- **PROBLEM STATEMENT**: Restate the data below word for word. Leave the images out.

- **THE DATA**:
--*--

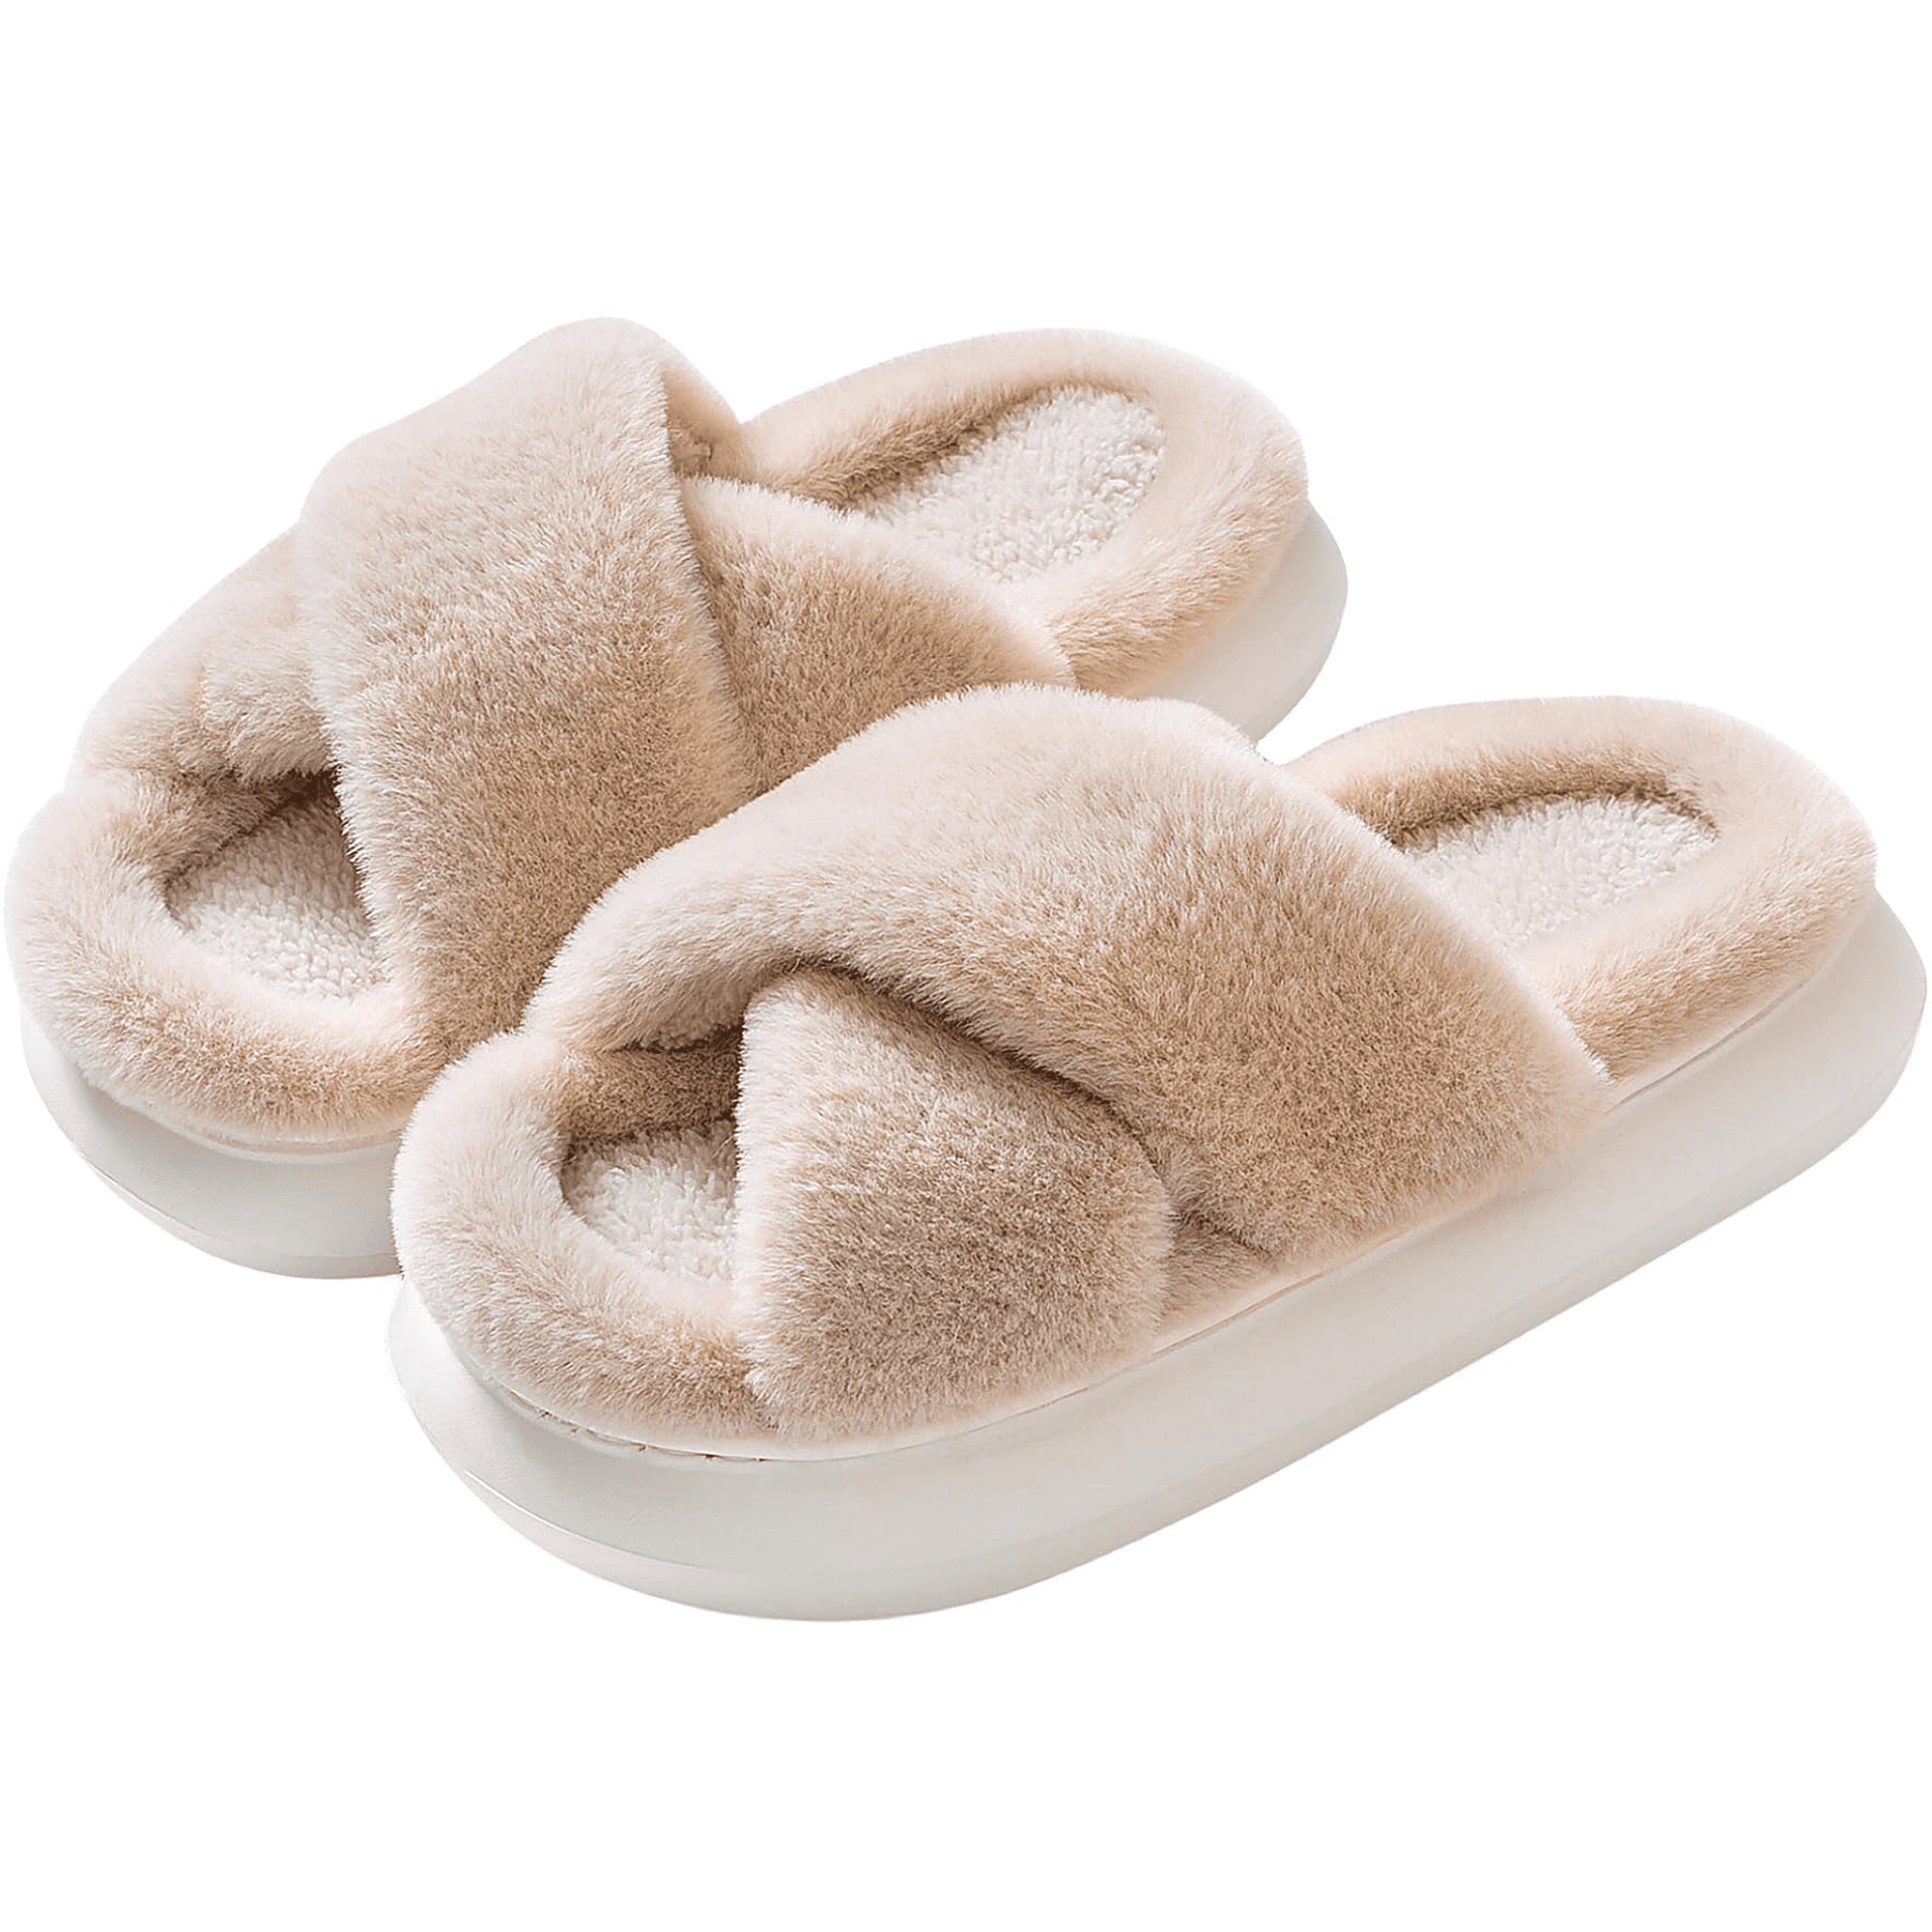 YAZI Cute Animal House Slippers for Women, Cozy Memory Foam Mens Slippers  Soft Warm Slip, Anti-Skid Rubber Sole,Creative Gifts for Women Mom  Girlfriend 
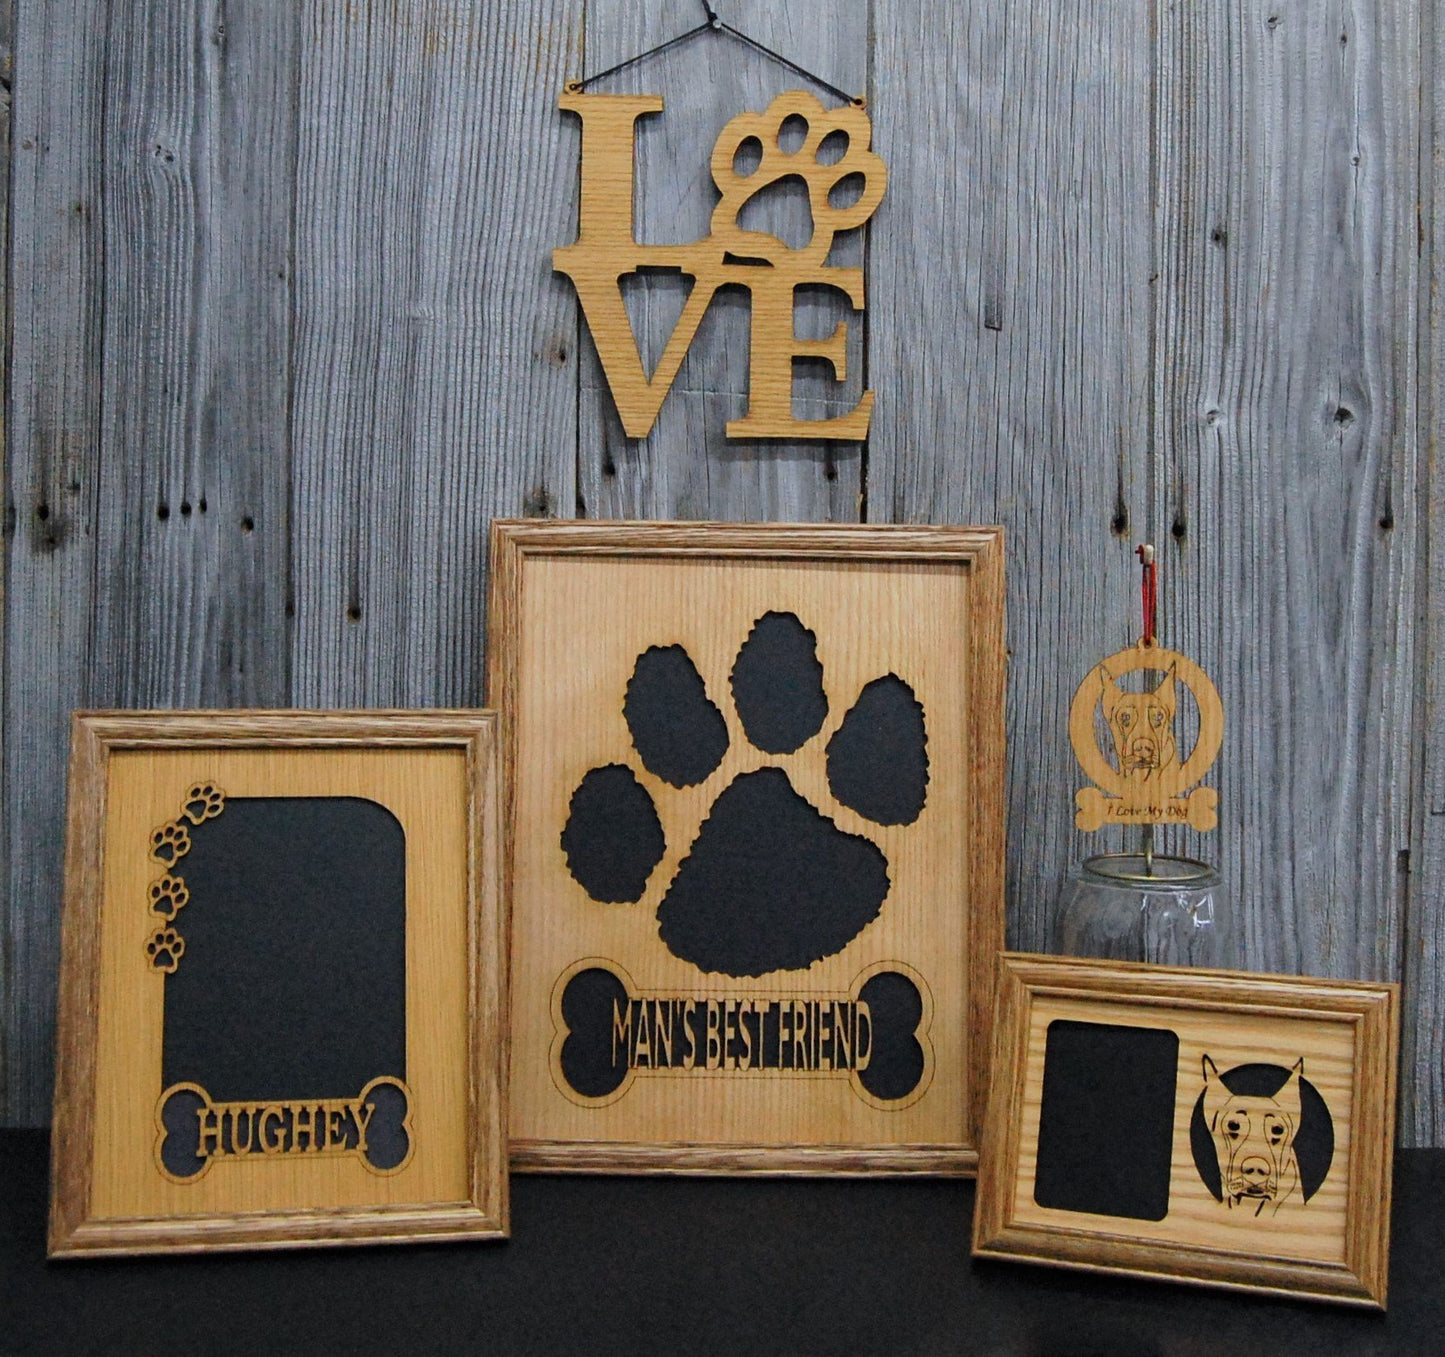 Dog Lover Gift Set
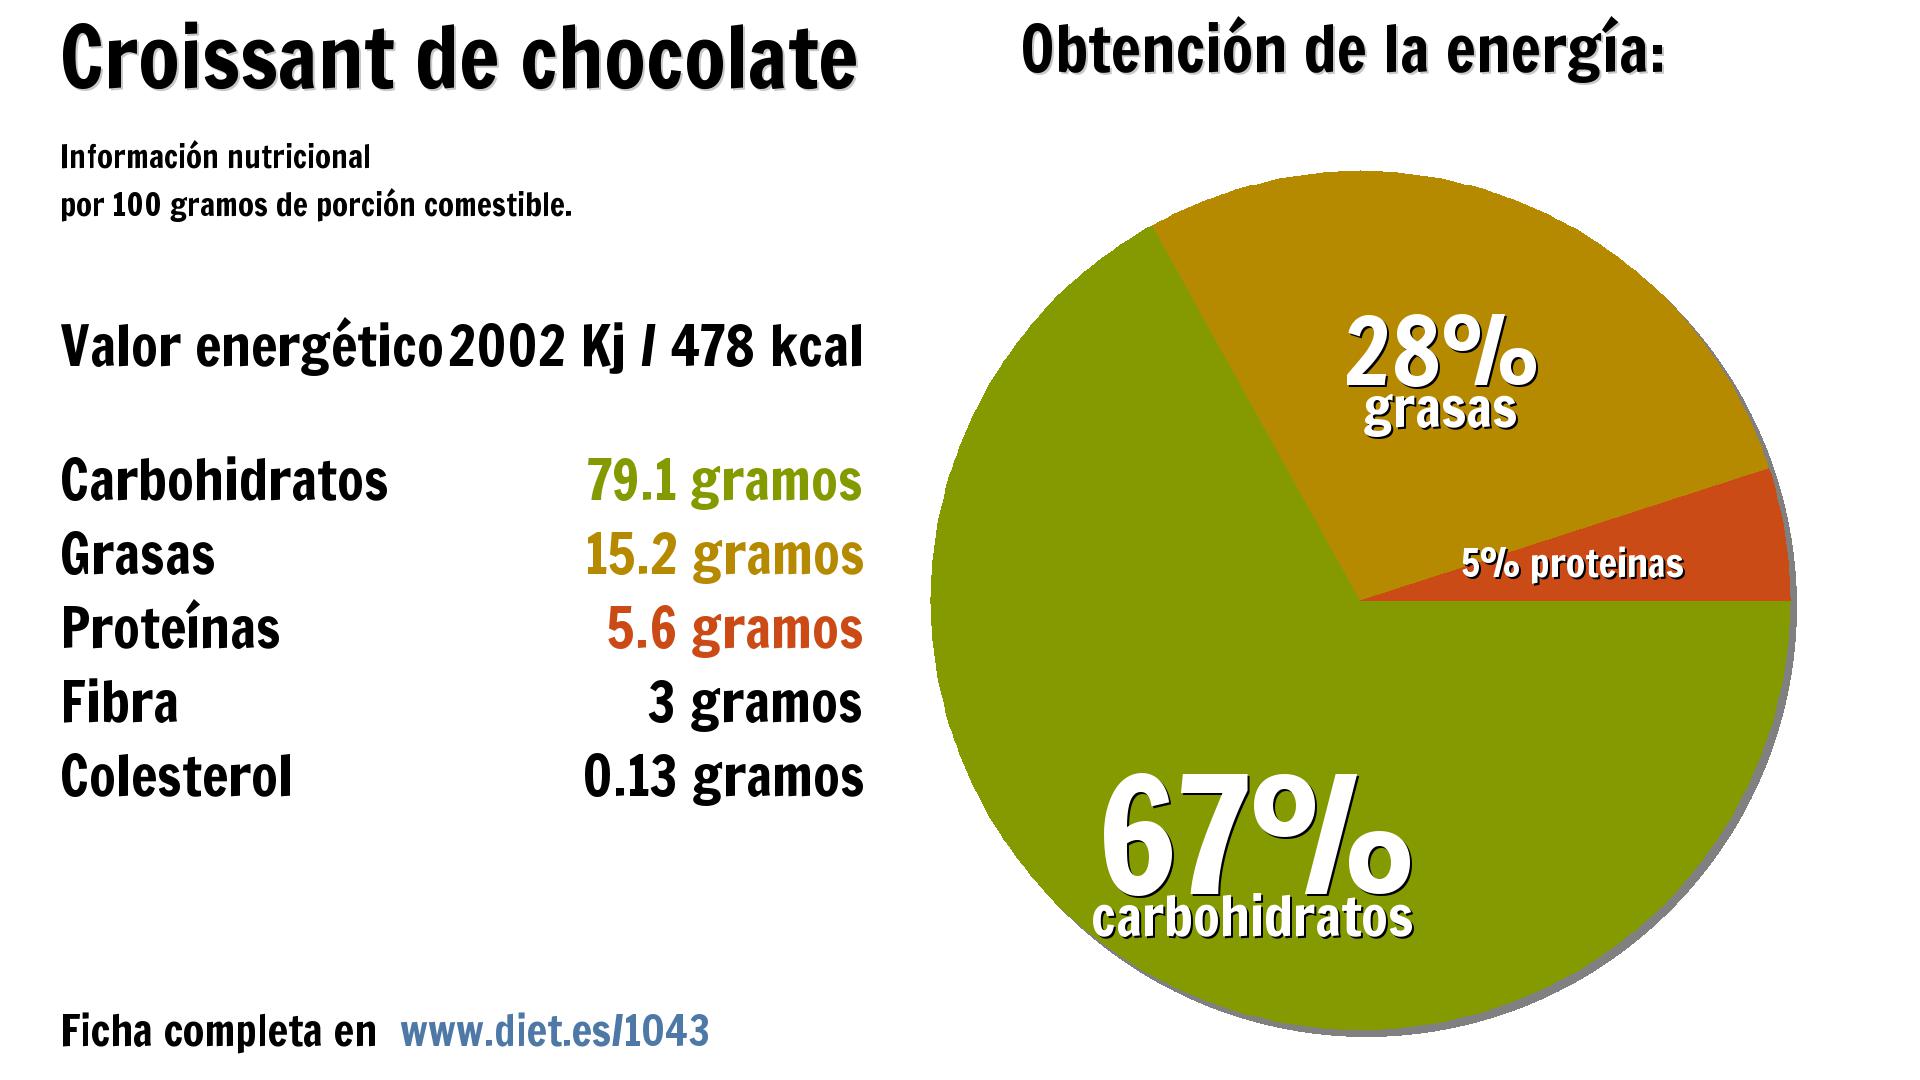 Croissant de chocolate: energía 2002 Kj, carbohidratos 79 g., grasas 15 g., proteínas 6 g. y fibra 3 g.
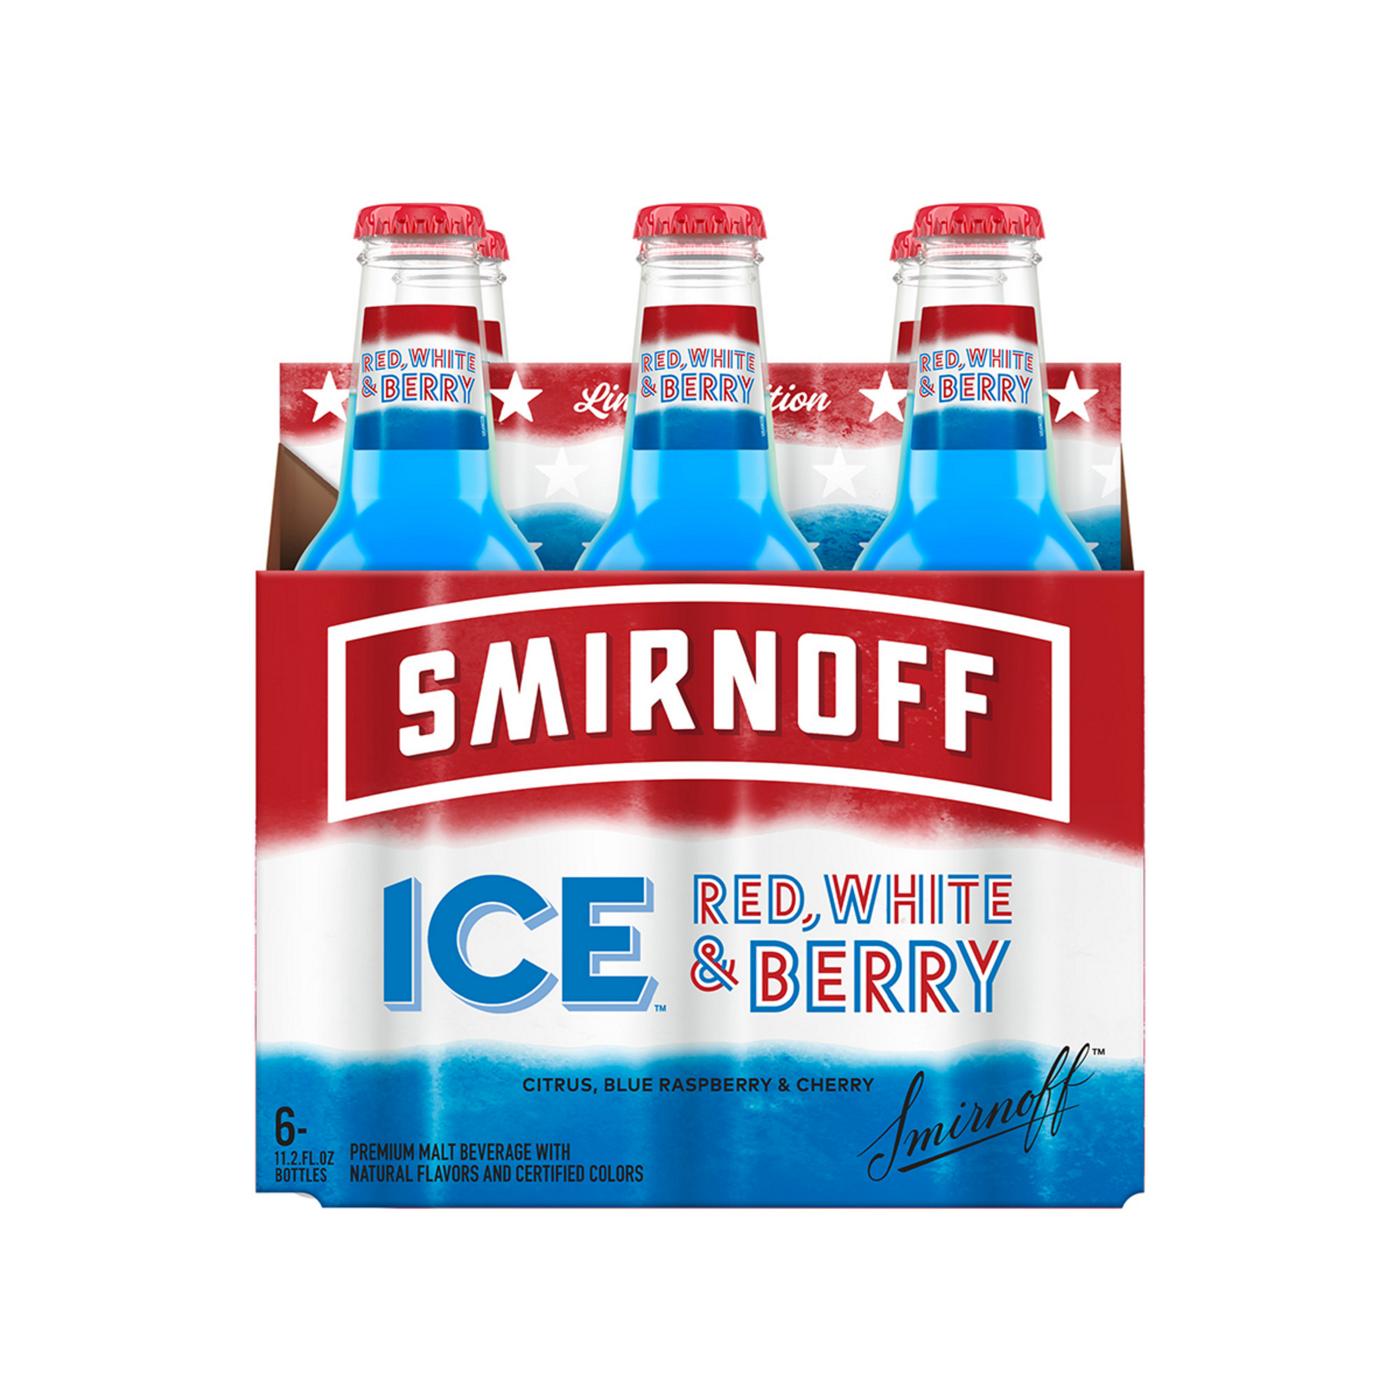 Smirnoff Ice Red, White, Berry; image 2 of 5

--*--

- **ANSWER BOX**:
 YAZI Cute Animal House Slippers for Women, Cozy Memory Foam Mens Slippers  Soft Warm Slip, Anti-Skid Rubber Sole,Creative Gifts for Women Mom  Girlfriend 
 Dog Lover Gift Set
 Croissant de chocolate: energía 2002 Kj, carbohidratos 79 g., grasas 15 g., proteínas 6 g. y fibra 3 g.
 Smirnoff Ice Red, White, Berry; image 2 of 5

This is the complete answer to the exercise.